Таким образом, гендерный фокус и гендерная теория могут образовать ценную линзу, через которую может быть изучена культурная память, неизбежно приобретающая формы мужских и женских воспоминаний. Действительно, гендер вместе с этничностью и классом предоставляет средства, с помощью которых культурная память помещена в определенный контекст. Кроме того, гендер является неизбежным аспектом отношений власти и культурной памяти, привнося сюжет различения и оспаривания доминирующх интерпретаций. То, что культура помнит, и то, что она хочет забыть, неразрывно связано с вопросами власти и господства, а следовательно, и гендера. Наконец, культурные коды и тропы, через которые культура презентирует свое прошлое, также строятся по признакам гендера, этничности и класса.

Культурная память наиболее сильно передается через отдельные голоса и тела как показания свидетелей. Это не означает, что свидетель говорит только о своей памяти, ведь как М. Хальбвакс ясно дал понять: люди обычно приобретают свои воспоминания в обществе. Кроме того, также в обществе они вспоминают, распознают и размещают свои воспоминания [Хальбвакс, 1997]. Культурную память, кажется, можно лучше всего понять в фокусе индивидуального и социального, собранных вместе, когда человек призван своей биографией проиллюстрировать общество в его неоднородности и сложности. В этом контексте публичного и частного гендер можно рассматривать как определяющий фактор. История женщин как параллельная история, которая восстанавливает забытые истории и факты, конечно, подтверждает данную точку зрения. Но за этой явной технологией памяти скрываются собственно гендерные рамки интерпретации и акты передачи, в смысле П. Коннертона – act of transfer [Connerton, 1989, p. 39], которые зависят от обычных этнокультурных кодов и моделей. Кроме того, опыт, а также его воспоминания и передача тоже гендеризованы и встроены в контекст.
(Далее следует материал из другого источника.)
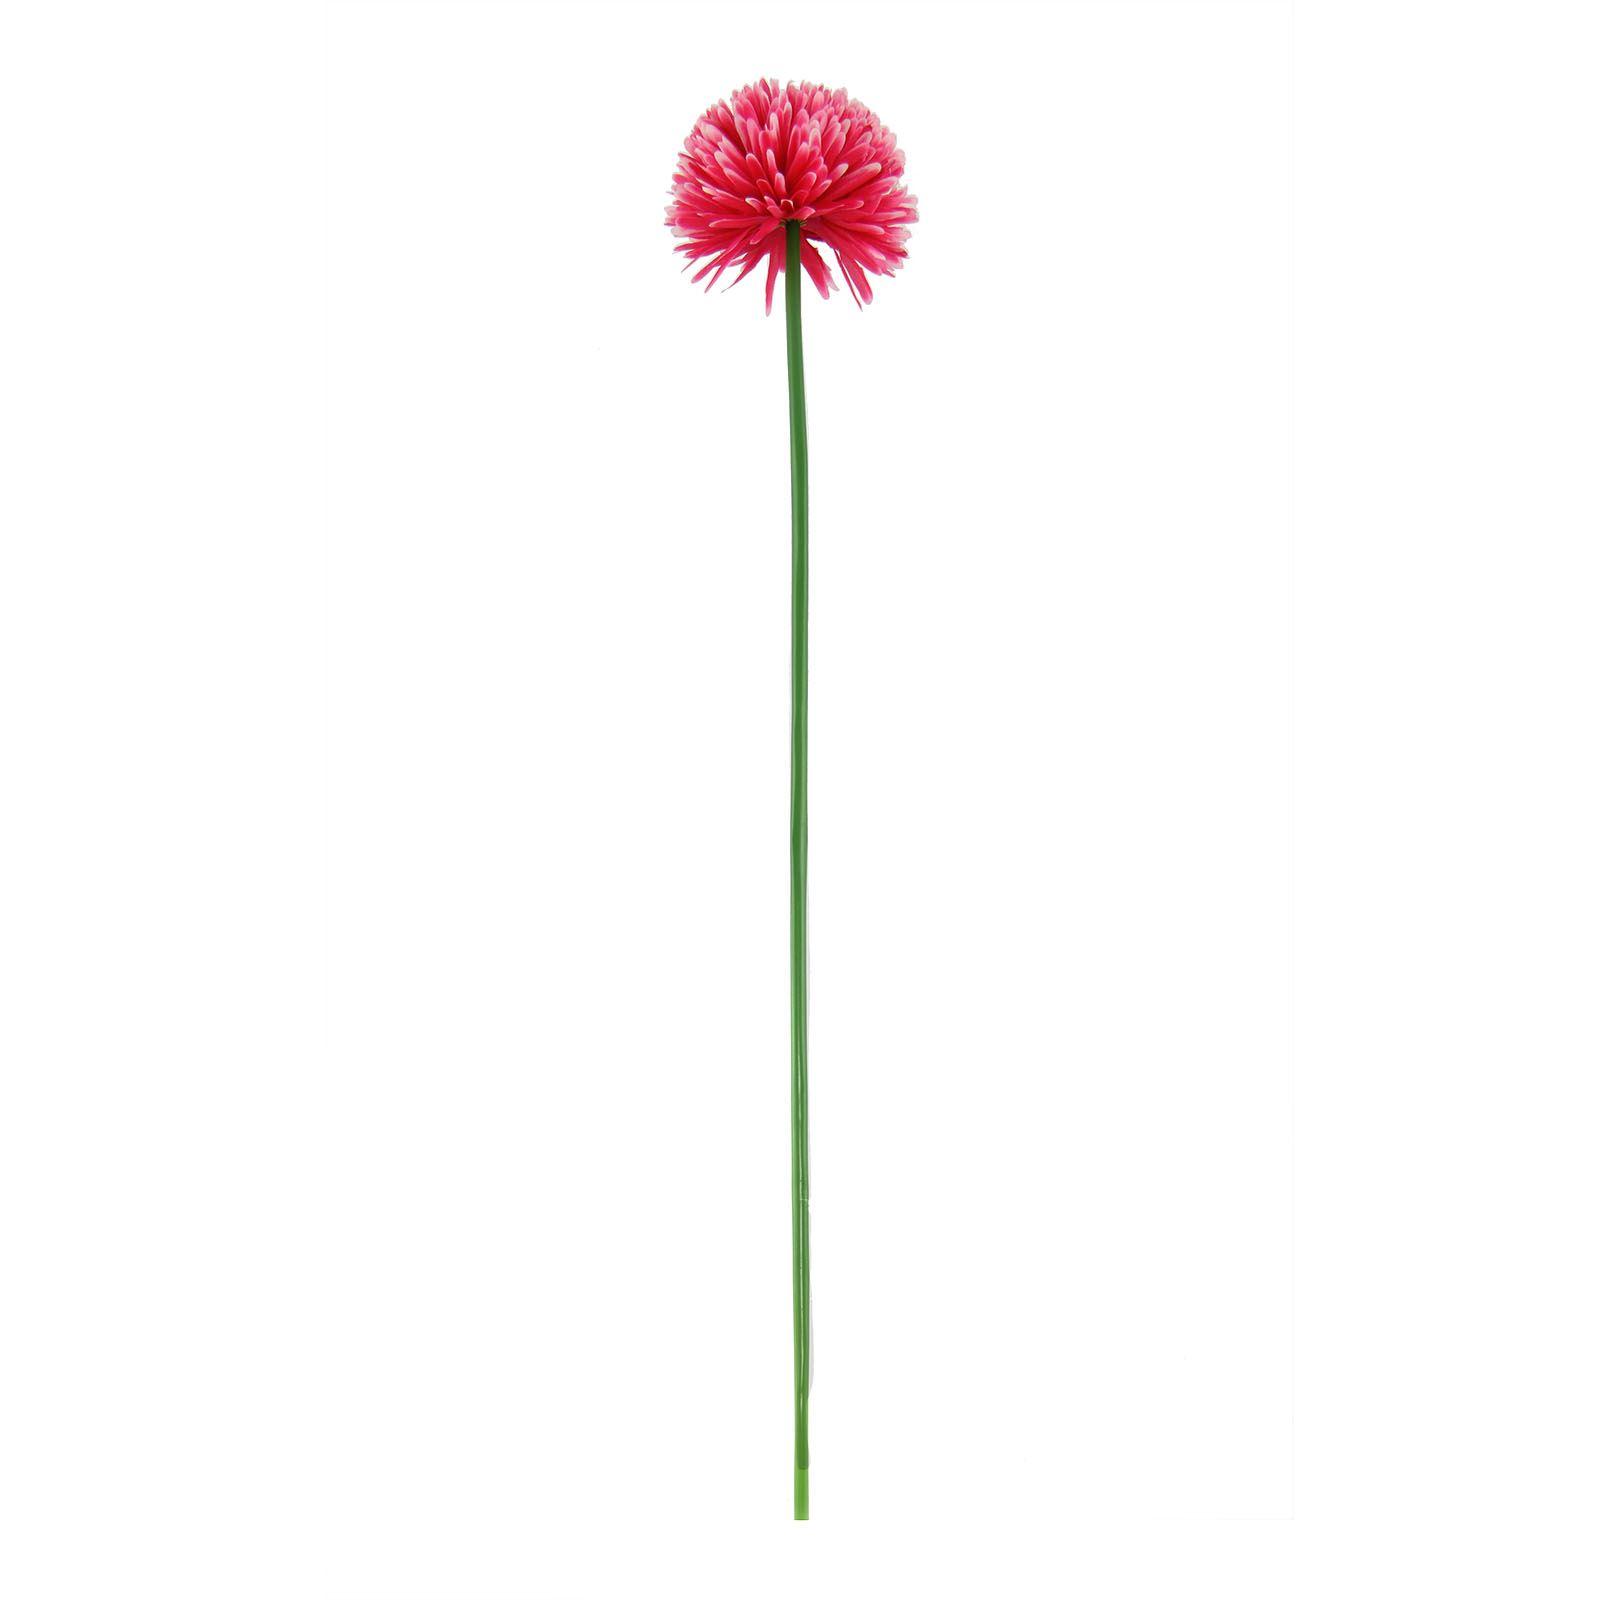 Long flower photo

Поэтому индивидуальные и групповые повествования, о которых идет речь, позволяют увидеть зависимость артикуляции памяти от гендера, этничности, класса и сексуальности (как это увязано у В. Смит [Smith, 1998] или Н. Юваль-Дэвис [Yuval-Davis, 1997]). Идентичность – индивидуальная или культурная – становится историей, которая тянется из прошлого в настоящее и будущее, присоединяет человека к группе, строится по признаку гендера и связанных с ними маркеров идентичности.

§ 6. Биографическая память: между индивидуальным и социальным

В этом разделе нас будут интересовать особенности феномена памяти, позволяющие индивиду запоминать события жизни и воспроизводить их. Насколько надежен этот источник информации? Какие его особенности необходимо учитывать при планировании биографического исследования, его проведении и анализе?
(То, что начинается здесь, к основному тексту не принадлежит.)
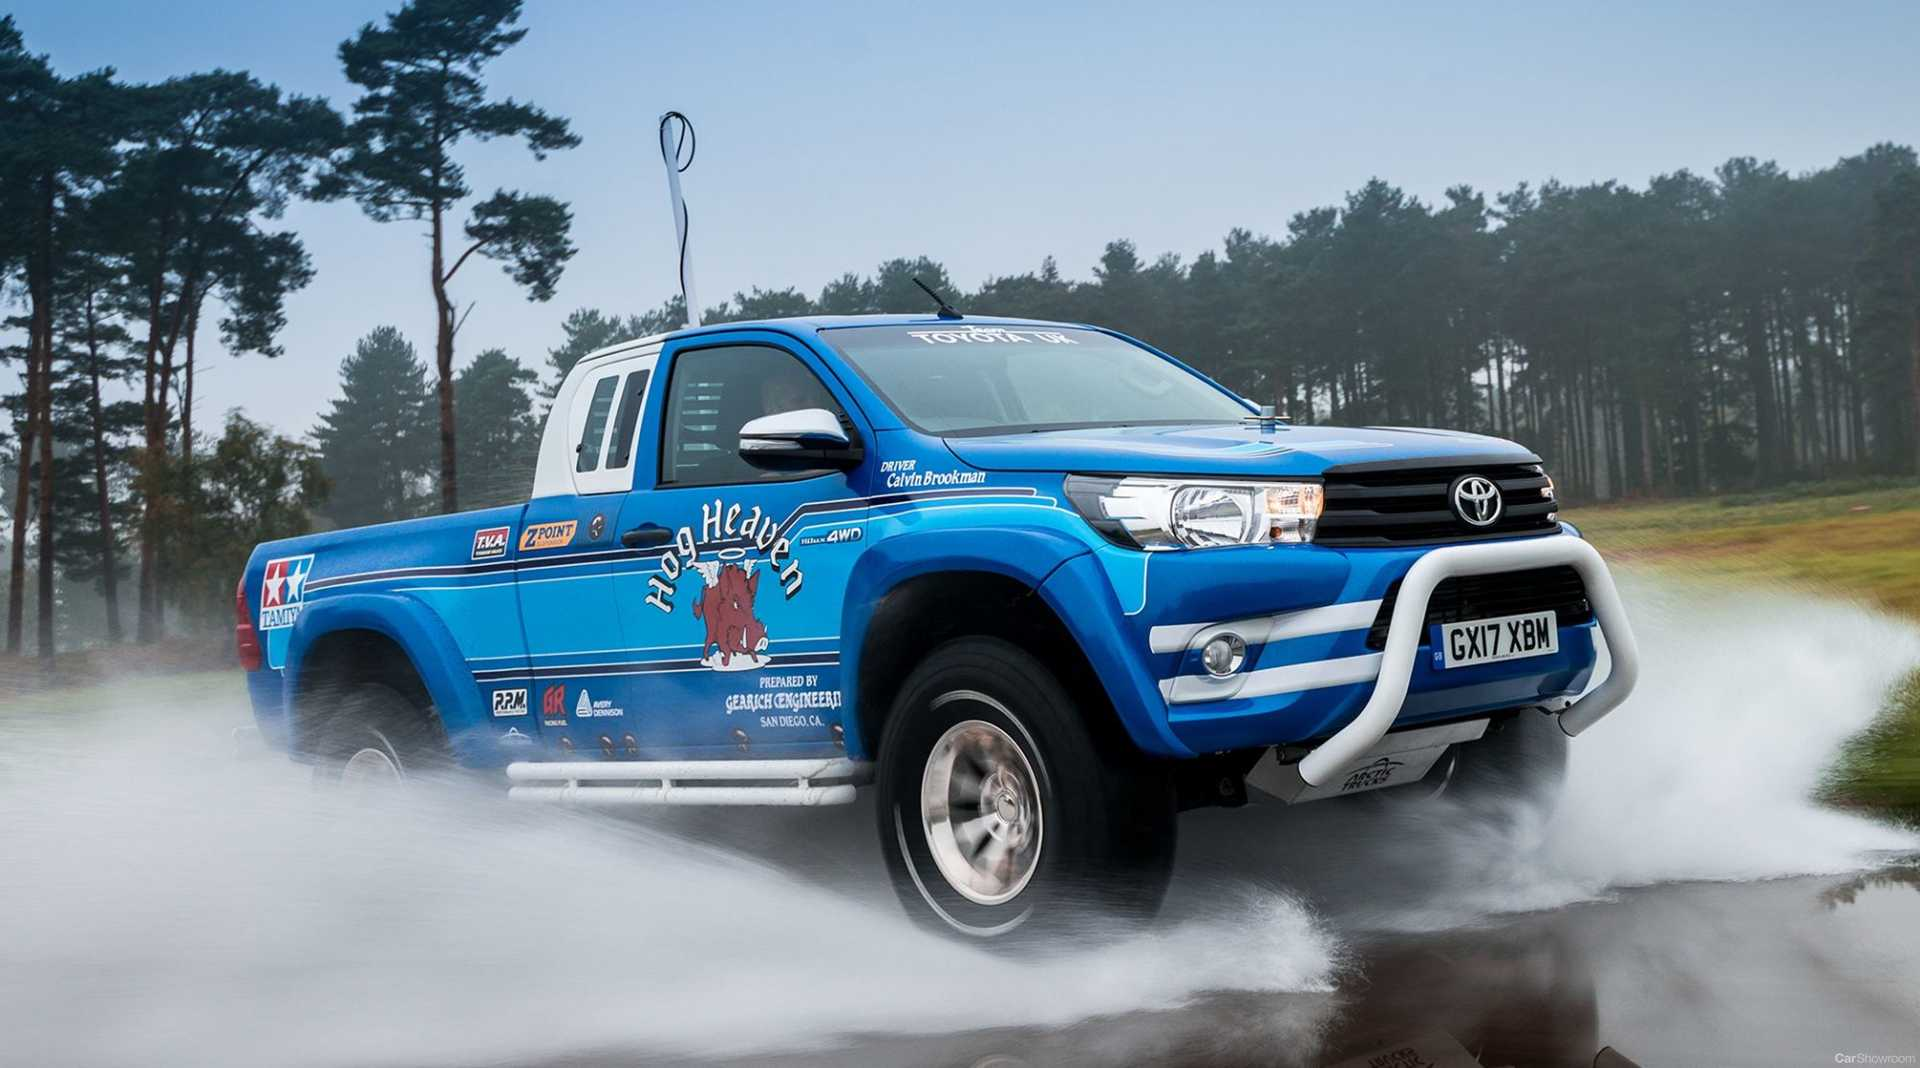 Kelebihan Kekurangan Toyota Hilux Offroad Harga

В зарубежной и отечественной психологии широко развивается направление memory studies, посвященное функционированию памяти. Распространенный конструкт ее концептуализации строится на единстве чувственного образа, его социально обусловленного значения и личностного смысла. Классификации памяти разнообразны: произвольная и непроизвольная; образная и вербально-когнитивная; моторная, тактильная, слуховая, зрительная, одорная (ольфакторная), вкусовая; эмоциональная и т. д. По времени сохранения воспоминаний различают ультра кратковременную, кратковременную и долговременную память. Если давать строгое определение, то под автобиографической памятью понимается «субъективное отражение пройденного человеком отрезка жизненного пути, состоящее в фиксации, сохранении, интерпретации и актуализации автобиографически значимых событий и состояний, которым определяется самоидентичность личности как уникального, тождественного самому себе психологического субъекта» [Нуркова, 2000]. Б. Росс также пишет, что «автобиографическое воспоминание представляет собой реконструктивный и одновременно конструктивный процесс, порождаемый потребностью субъекта в вере в стабильность Я и потребностью в необходимых и пригодных для поддержания подобной веры фактах» [Ross, 1991].
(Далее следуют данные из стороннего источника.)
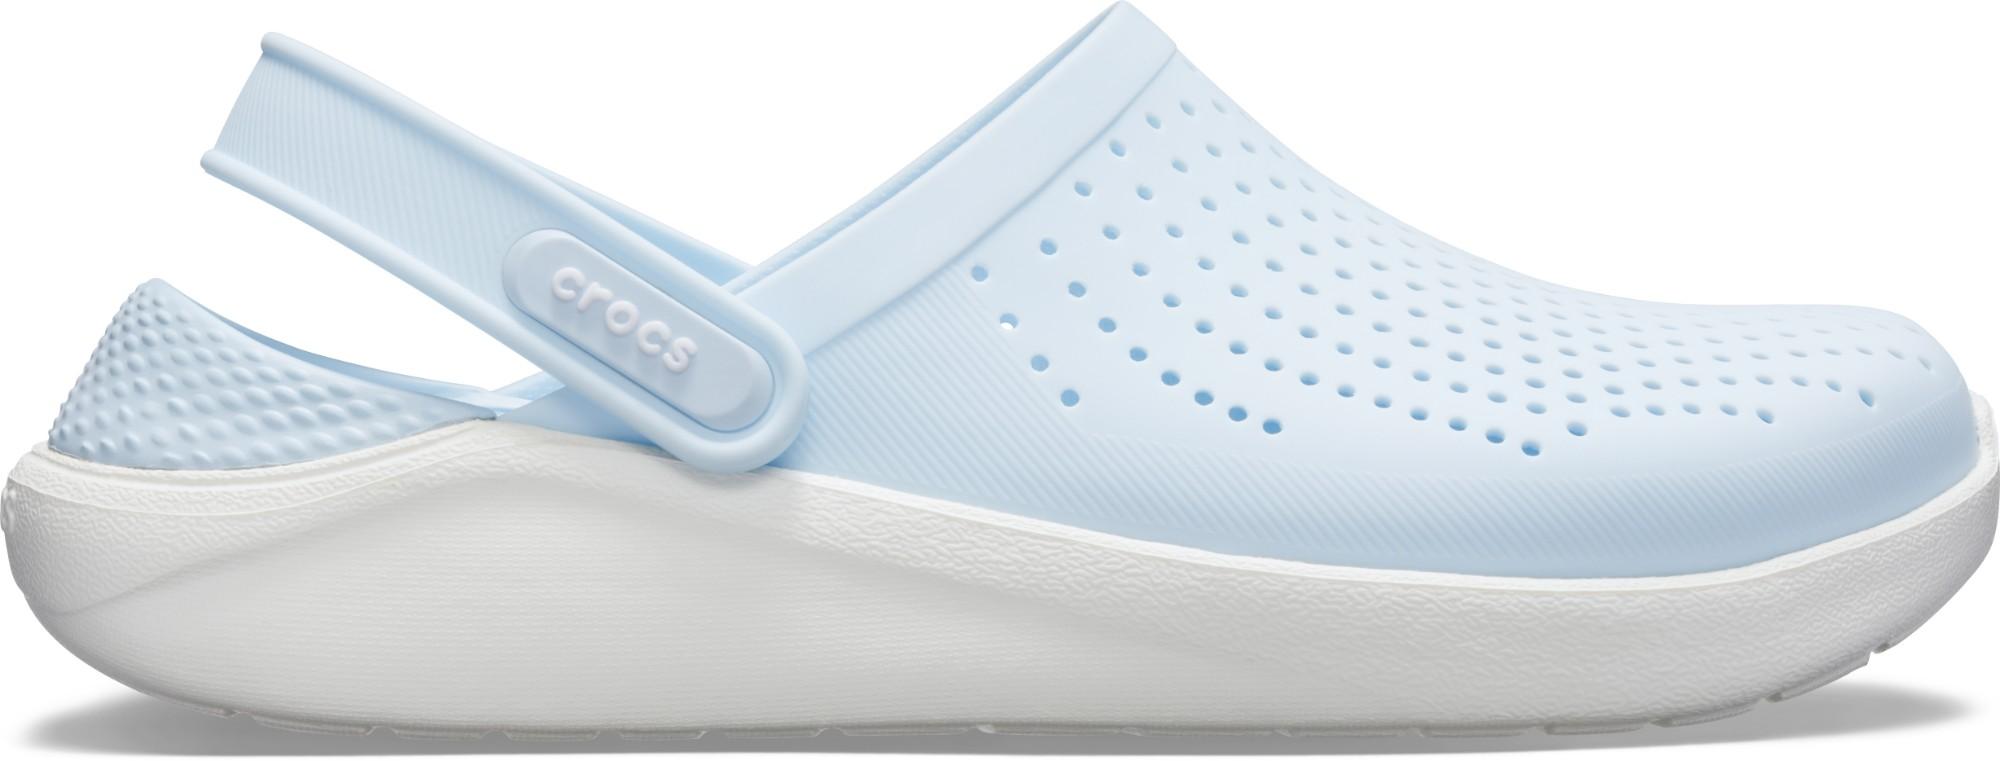 Crocs™ LiteRide Clog Mineral Blue/White 37,5

Из недавних экспериментальных исследований памяти (Тульвинг, Маркович, Гриффит и др.) явствует, что человеческая способность вспоминать свидетельства составлена из семантической памяти, впоследствии переназванной Тульвингом как память знания, и эпизодической памяти [Markowitsch, 2000]. Автобиографический опыт, согласно Тульвингу, кодируется именно в эпизодической памяти. Эпизодическая память удерживает контекстуально (через время и место) связанные биографические эпизоды, которые позволяют путешествовать во времени (как правило, в прошлое), ее природа часто аффективна. Напротив, память знания (первично семантическая) контекстуально свободна и тем самым современна. Если эпизодическая память всегда основывается на активном вспоминании себя, память знания соотносится с «чистым» знанием об информации. Поэтому отношение обеих систем памяти между собой – это встраивание эпизодического (вспоминания) на уровень знания, а не наоборот.

Другие особенности автобиографической памяти, по Тульвингу, означают, что информация должна пройти сначала семантическую память, прежде чем она сможет достичь эпизодической, и часть информации «отвердевает» на уровне знания, в то время как другая часть связности с контекстом репрезентируется эпизодически. Если вызывать воспоминание, стимулируя в ситуации интервью рассказ о прошлом, насыщенный конкретными эпизодами, т. е. апеллировать к эпизодической памяти, то не удастся миновать семантики, заложенных значений, поскольку именно через семантическую память информация закладывается на хранение. Это означает принципиальную невозможность «очистить» автобиографическую память от субъективности, что порождает два методологических императива: «реабилитацию» субъективности и развитие техник нарративного опрашивания и анализа, сближающих произошедшее-пережитое-рассказанное.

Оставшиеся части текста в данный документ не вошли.